3. Emergent EDA Systems
Most
systems produced by nature are hierarchical,
this also applies to event architecture
which must distinguish between different levels of events. Failure to do so
results in systems that are too expensive (for instance, too much is stored)
and too difficult to operate. For the architects reading this, please note that
event “system-hierarchy” is not “event taxonomy” (which is supported out of the
box by most frameworks), it is an abstraction hierarchy, not a specialization
hierarchy (both are useful). A living organism uses a full hierarchy of events,
some are very local, some gets propagated, some gets escalated to another scale
of the system, etc. To distinguish between different levels of events, we need
to introduce in smart systems what is known as Complex Event
Processing (CEP). CEP is able to analyze and aggregate events to produce
simple decisions which may trigger other events. You may find a more complete
description of CEP in the
following pages taken from theCEPblog,
from which I have borrowed the illustration on the right. Similarly, you can
learn a lot by watching YouTube videos of related open source technology
platforms such as Storm.
A key
feature of CEP is to be able to analyze and correlated events from a lower
level to produce a higher level event. It is the foundation for event control
logic in a “system of systems” architecture, moving from one level of
abstraction to another. This is not, however, the unique responsibility of the
CEP system. True to our “analytics everywhere” philosophy, “smarter” analytics
systems, such as Big Data machine learning systems, need to be integrated onto
the EDA, to participate to the smart behavior of the global system, in a
fashion that is very similar to the organization of a living being.
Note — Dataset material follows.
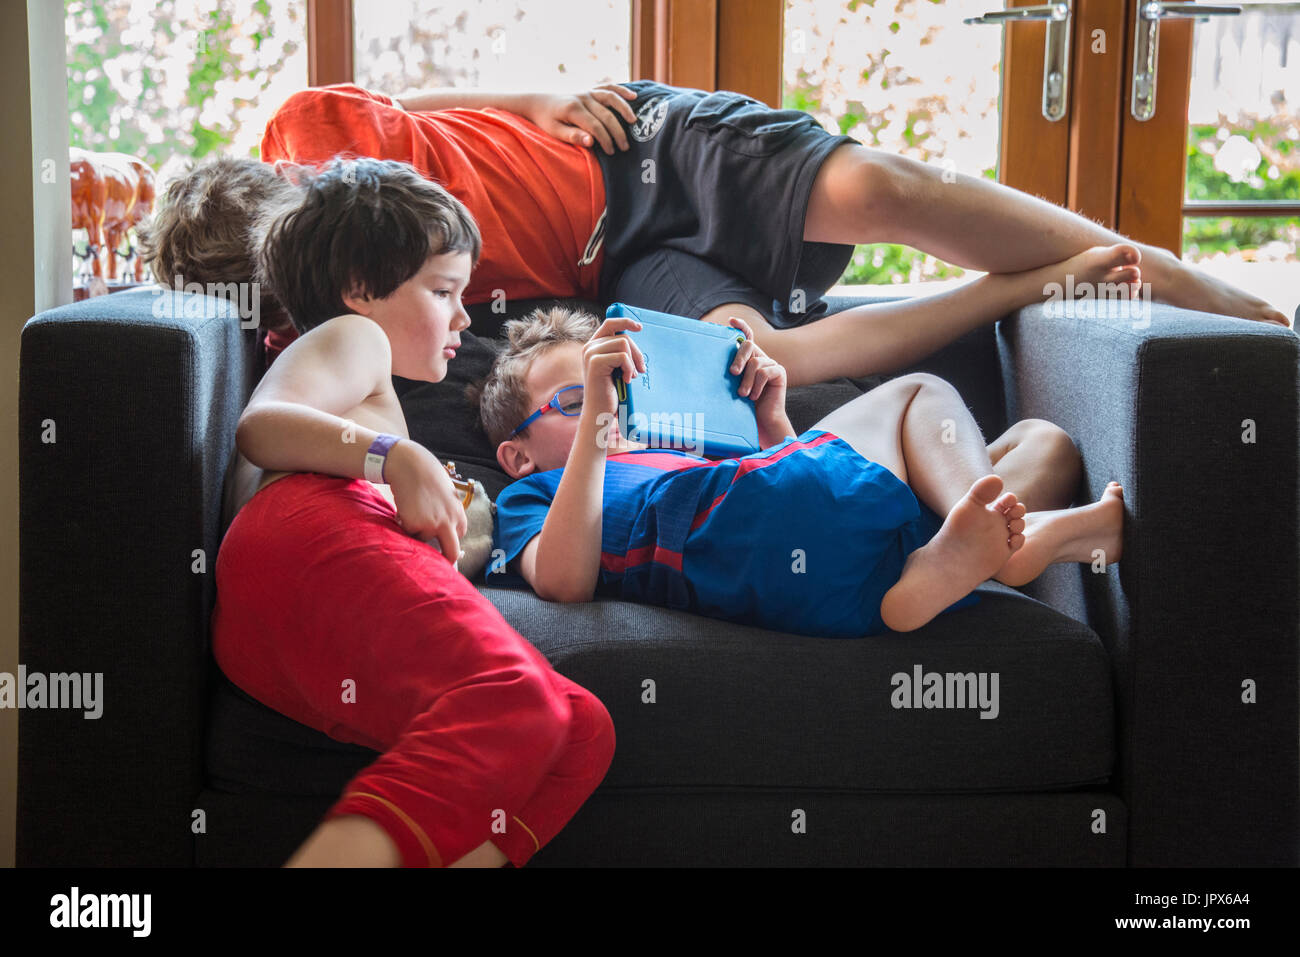 Young Boy Spielen Spiele auf dem iPad mit 2 anderen Jungen Auf der Suche nach Stockfoto
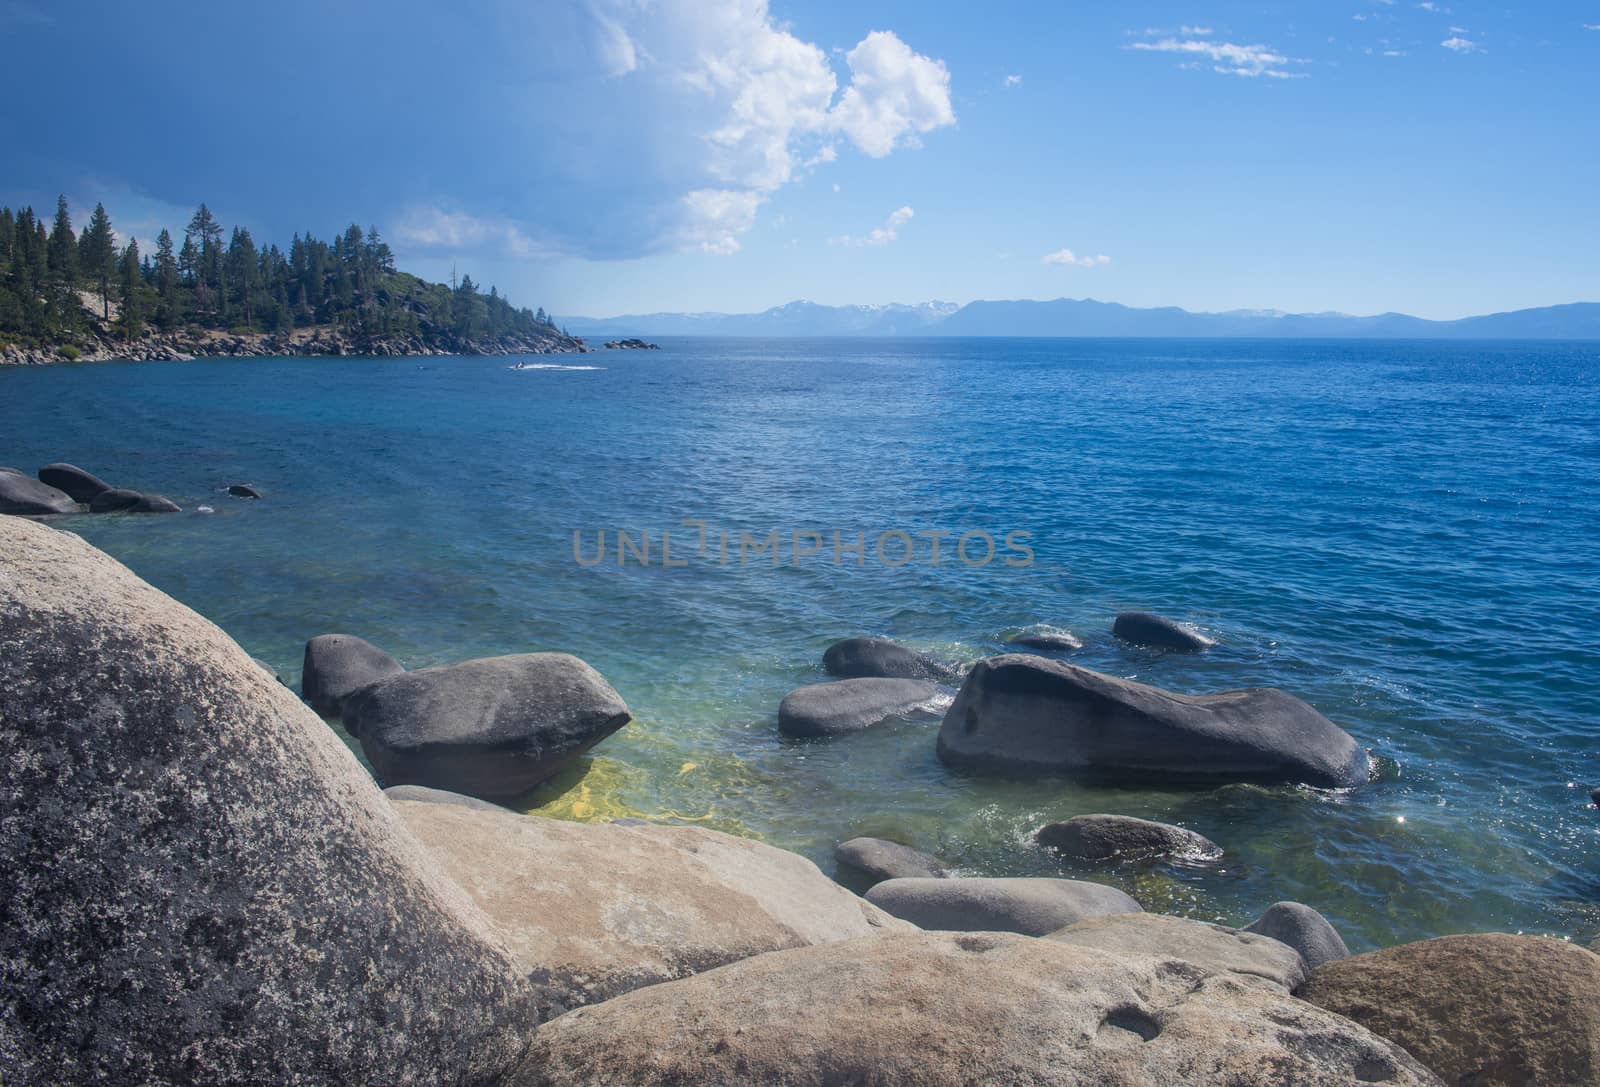 Lake Tahoe by kobby_dagan

Kevin Kelly’s advice for growing, rather than
designing, emergent systems becomes especially relevant as soon as there exists
a human in the loop. A key insight from smart system
design is to let the system learn about the user and not the opposite (although
one may argue that both are necessary in most cases, cf. the fourth section of
my previous post). Systems that learn from their users’ behaviors are hard
to design, it is easier to start from user feedback and satisfaction and let
adaptation run its courses, than to get the “satisfaction equation” right from
the first start. This is a key area of expertise of the IRT
SystemX, which scientific and technology council I have the pleasure to
lead. A number of ideas expressed here may be found in my inaugural
talk of 2013. Emergence derives from feedback loops, which may be construed
as “conversations”. CEP
is the proper technology to develop a conversation with the user in the
loop, following the insight of Chris Taylor who is obviously referring to the Cluetrain
Manifesto’s “Markets are conversations”. The “complex” element of CEP is
what makes the difference between a conversation (with the proper level of
abstraction, listening and silence) and an automated response.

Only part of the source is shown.